Smoke curled up and through Thornsong’s fingers as he held them over the fire. The pine sticks crackled and spit in the shallow bowl he’d scooped in the snow. 

A loon wailed somewhere nearby. Thornsong leaned back on his buckskin cape and held his breath. 

No, not a loon. Deeper. Throatier. 

He scooped up a handful of snow and doused the fire, patting the sticks until the smoke stopped. The sun was already low. The beech trees seemed to press in, their shadows almost palpable in the twilight. 

“It’s cold,” said Raspberry. “What’d you do that for?”

“It was a risk making a fire at all,” Thornsong said. “Besides, you’re always cold.”
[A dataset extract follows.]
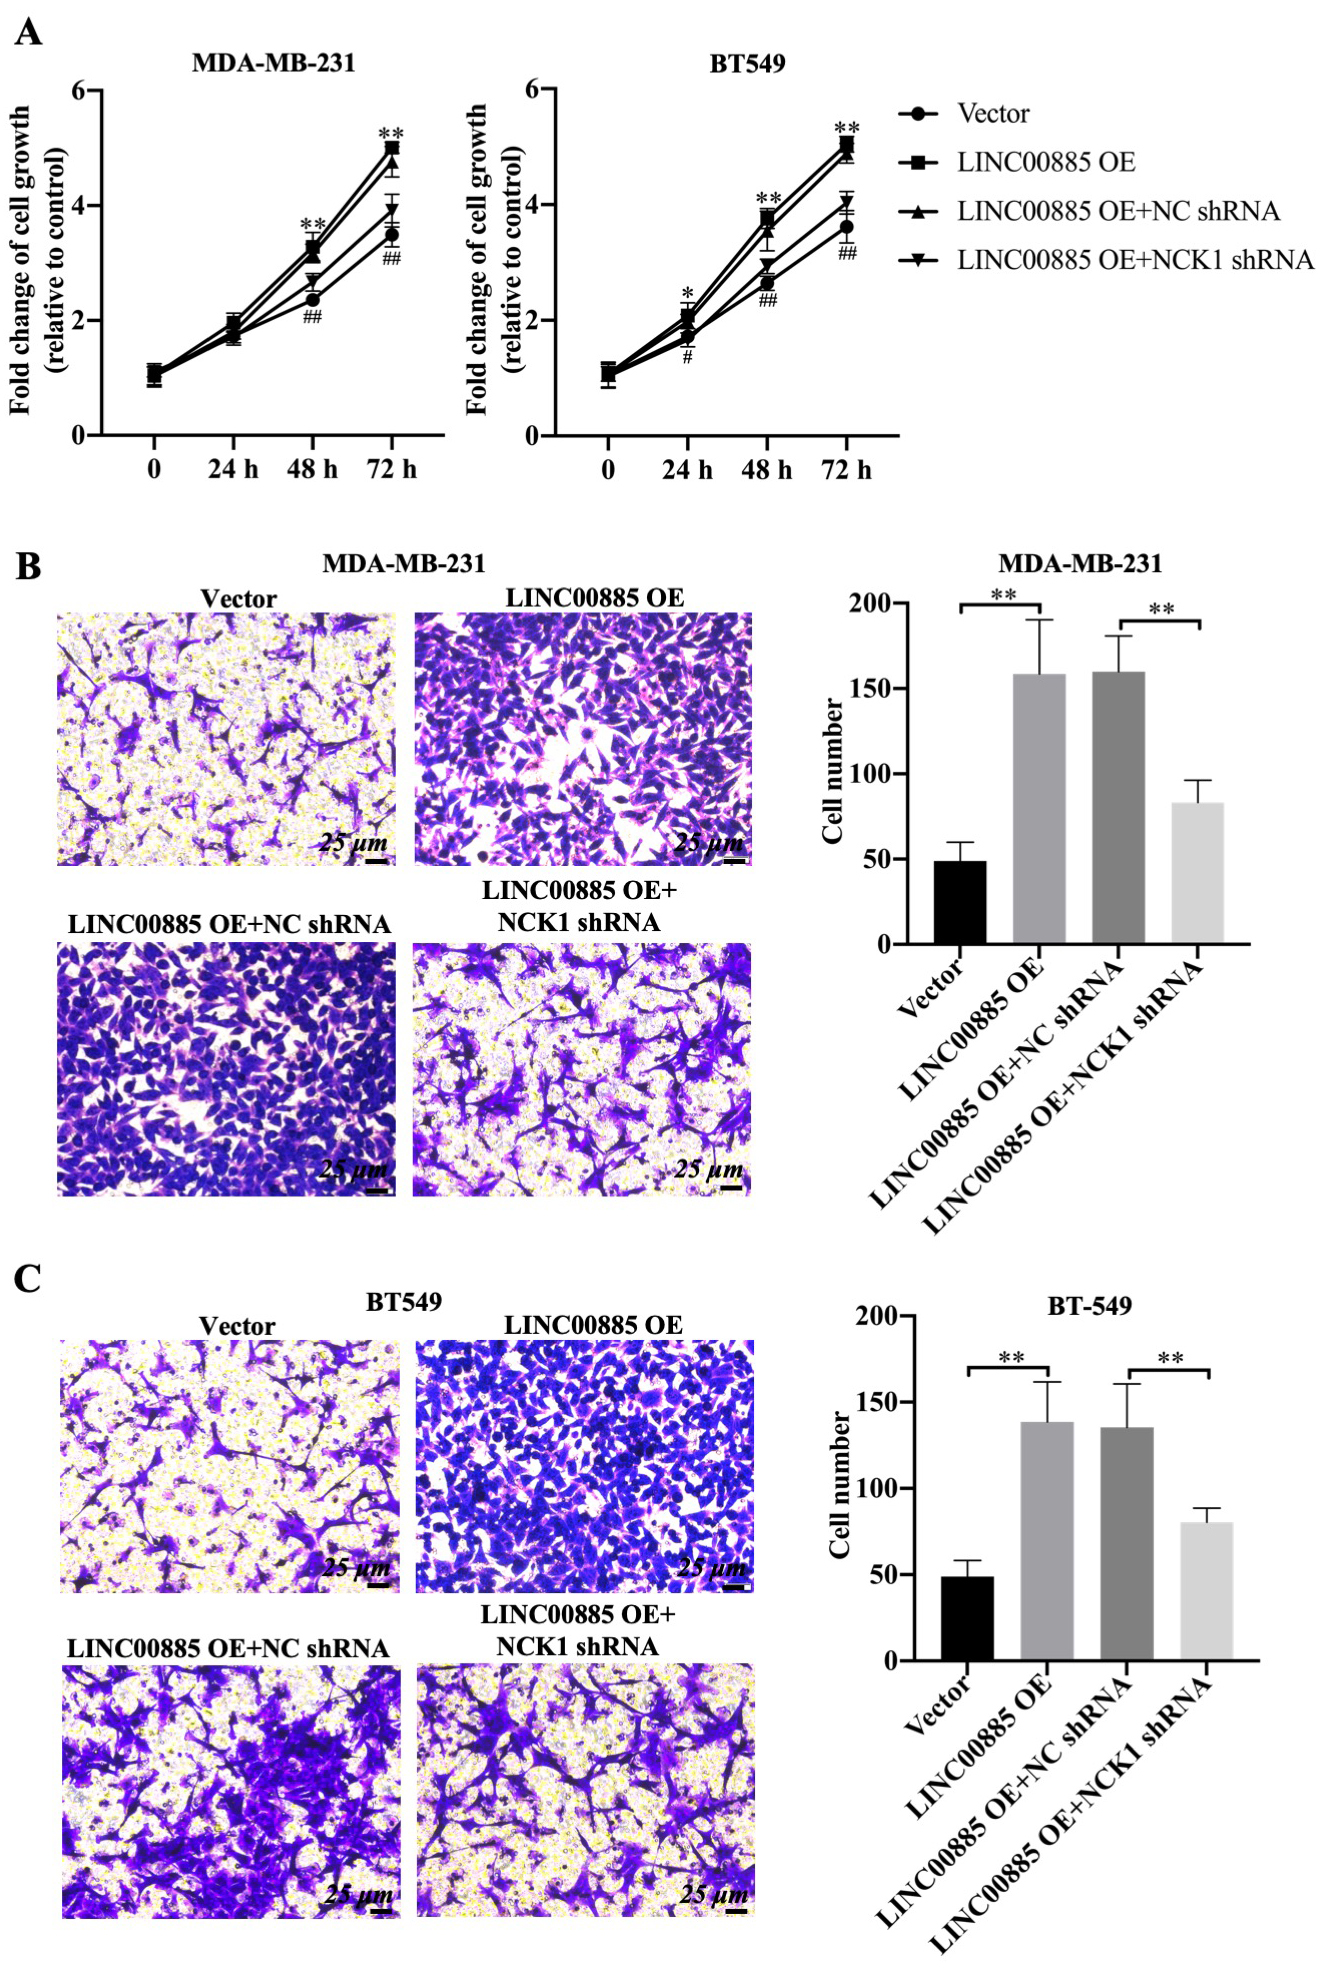 Effects of NCK1 on the migration of LINC00885-mediated triple-negative breast cancer cells. MDA-MB-231 and BT549 cells were transfected with pcDNA3.1, LINC00885-overexpression plasmid, pcDNA3.1-LINC00885 + NC-shRNA and pcDNA3.1-LINC00885 + shRNA-NCK1. (A) Cell growth of MDA-MB-231 cells and BT549 cells as measured using the Cell Counting Kit-8 assay. (B) MDA-MB-231 and (C) BT549 cell migration was assessed using the Transwell assay. The relative quantification of migrated cells is illustrated in the right panel (scale bar, 25 μm). * P< 0.05 and ** P< 0.01. NCK1, noncatalytic region of tyrosine kinase 1; NC, negative control; pcDNA3.1, plasmid NC; si-RNA, small interfering RNA; pcDNA3.1-LINC00885, LINC00885-overexpression plasmid; siRNA-LINC00885, siRNA targeting LINC00885.

Raspberry bared a double row of pebble-sized teeth and let out an exasperated hiss. 

“For a giant in a fur coat, you’re pretty sensitive,” Thornsong said, tossing Raspberry a few hunks of pemmican from his pack. 

“I can handle the cold,” Raspberry said, tossing an apple-sized chunk into his mouth. “I just don’t like it.”

“Eat quickly. The lechuza should be coming this way directly.”

“Still convinced we’re hunting a monster?”

“Completely. Three missing children. Partially devoured. Bones uncracked. Deep, parallel cuts punctuated with deep stab wounds. Near water, the lake that supports the tribe. That’s a lechuza. The Big Owl.”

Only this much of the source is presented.